Marghanita da Cruz marghanita at ramin.com.au
Tue Oct 28 18:48:10 EST 2008


Darrell Burkey wrote:
> On Tue, 2008-10-28 at 17:38, Marghanita da Cruz wrote:
>> Bernard Robertson-Dunn wrote:
>>> And on the subject of Microsoft giving away software to non-profits - 
>>> and then revoking their not for profit status once their software has 
>>> been entrenched.....
>  
>> I don't quite understand this. Is Microsoft or the Tax office revoking the 
>> Non-Profit status?
> 
> Far be it for me to defend proprietary software (I'm already in trouble
> with our FOSS contingent for straying) but I think the article is really
> a bit of a beat up. It states that the groups involved were incorrectly
> using academic licensing/pricing. 
> 
> In the past it's been quite common for many companies to automatically
> offer non-profit organisations the same pricing they offered to the
> academic sector. This was not the case with Microsoft and indeed it's
> been full price to non-profits for many years.
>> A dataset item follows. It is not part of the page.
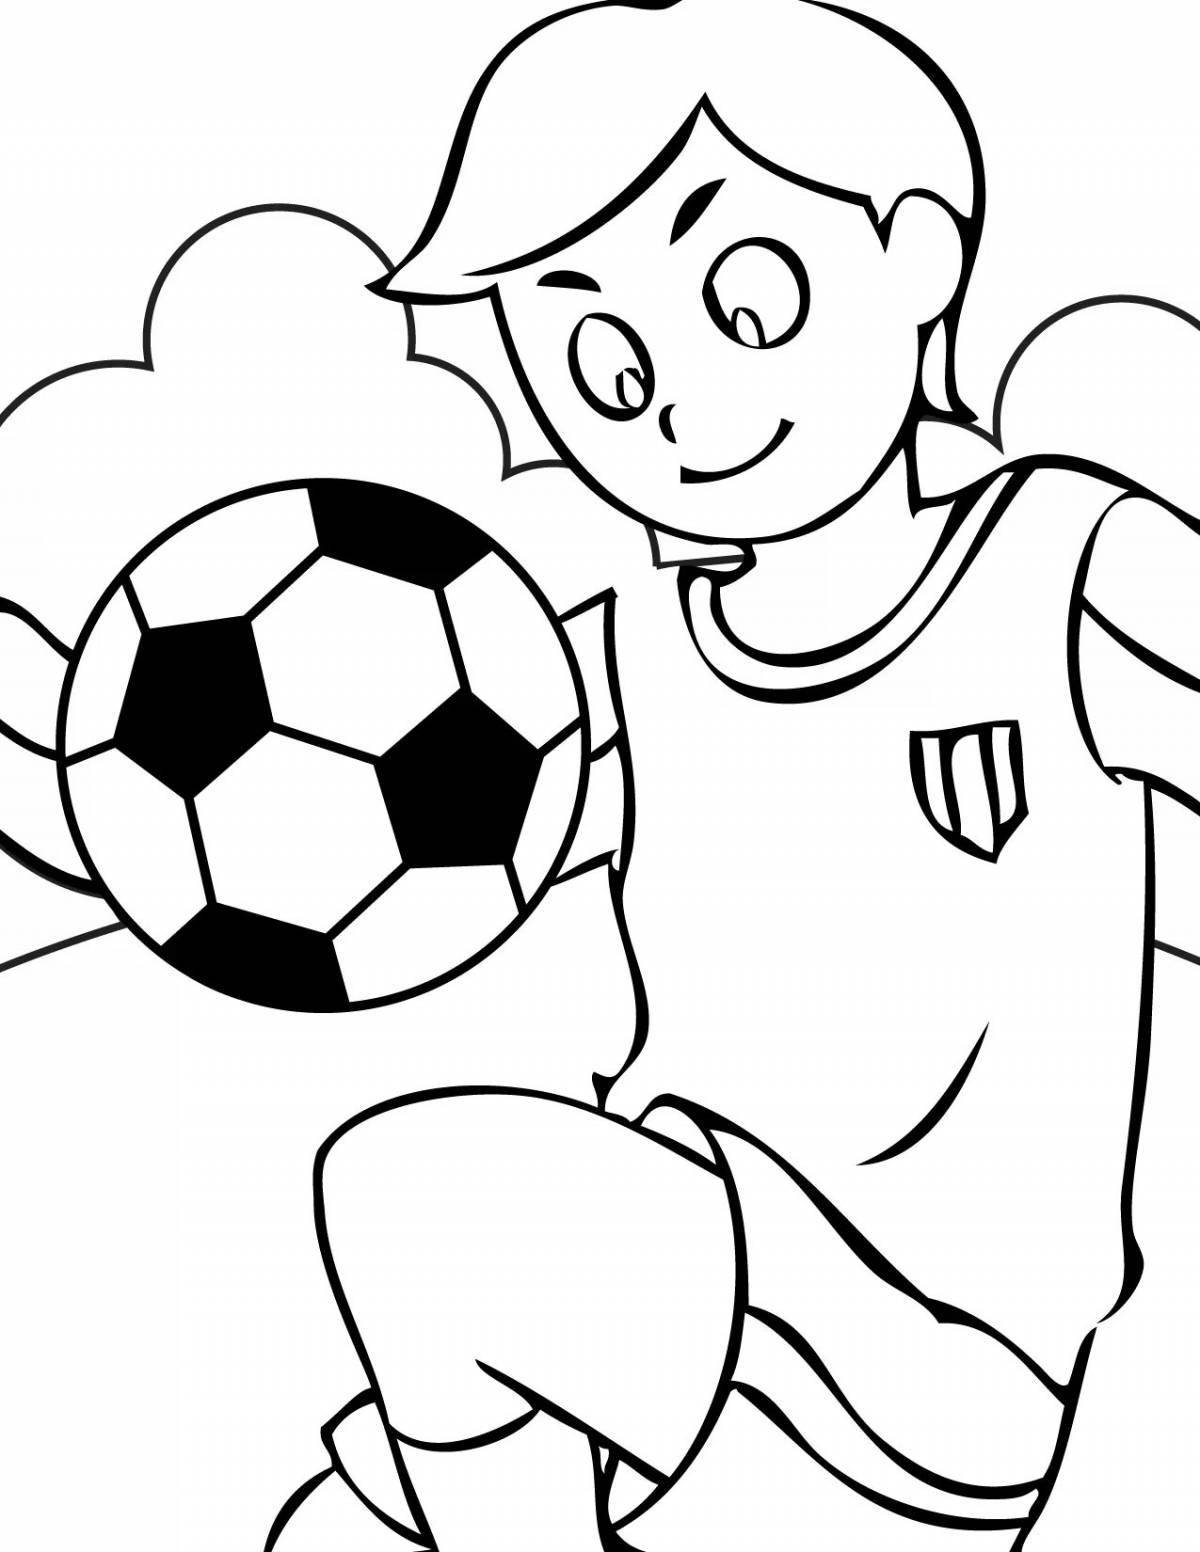 Fun sports coloring pages for kids

So it's entirely possible
> that the situation here really has nothing to do with a vendor
> reclassifying an organisation's non-profit status but rather that they
> are just expecting their software to be used with the correct license.
> 
> What's really odd about this entire situation is that Connecting Up (a
> non-profit in Adelaide working in conjunction with TechSoup in the
> US/New Zealand) now acts an agent on behalf of the non-profit sector and
> processes requests from non-profits through a project called DonorTec
> for Microsoft software and Cisco hardware which those two companies then
> donate at no cost.
> 
> For a small admin fee paid to DonorTec most any non-profit organisation
> can obtain software/hardware from vendors participating in the project.
> It's highly likely that the organisations mentioned in this article are
> eligible for the DonorTec program so I would think they might end up
> with licenses costing them far less than the academic licenses they now
> have.
> 
> Unless of course there is some factor I have totally missed or am not
> aware of which is certainly possible. But again, I'm not sure this
> article is actually a fair representation of the issue. 
> 
> This situation does however demonstrate quite clearly the dangers of
> lock-in to proprietary systems/vendors which can include very high costs
> that divert the scarce resources non-profits operate with from service
> delivery to administrative overhead. This can be quite disastrous to
> those depending on the services and to those of us providing the
> resources (think taxes). I don't think you can blame the non-profit
> sector's lack of understanding of that on any specific vendor. 
> 
This applies to non-profit, profit and government alike!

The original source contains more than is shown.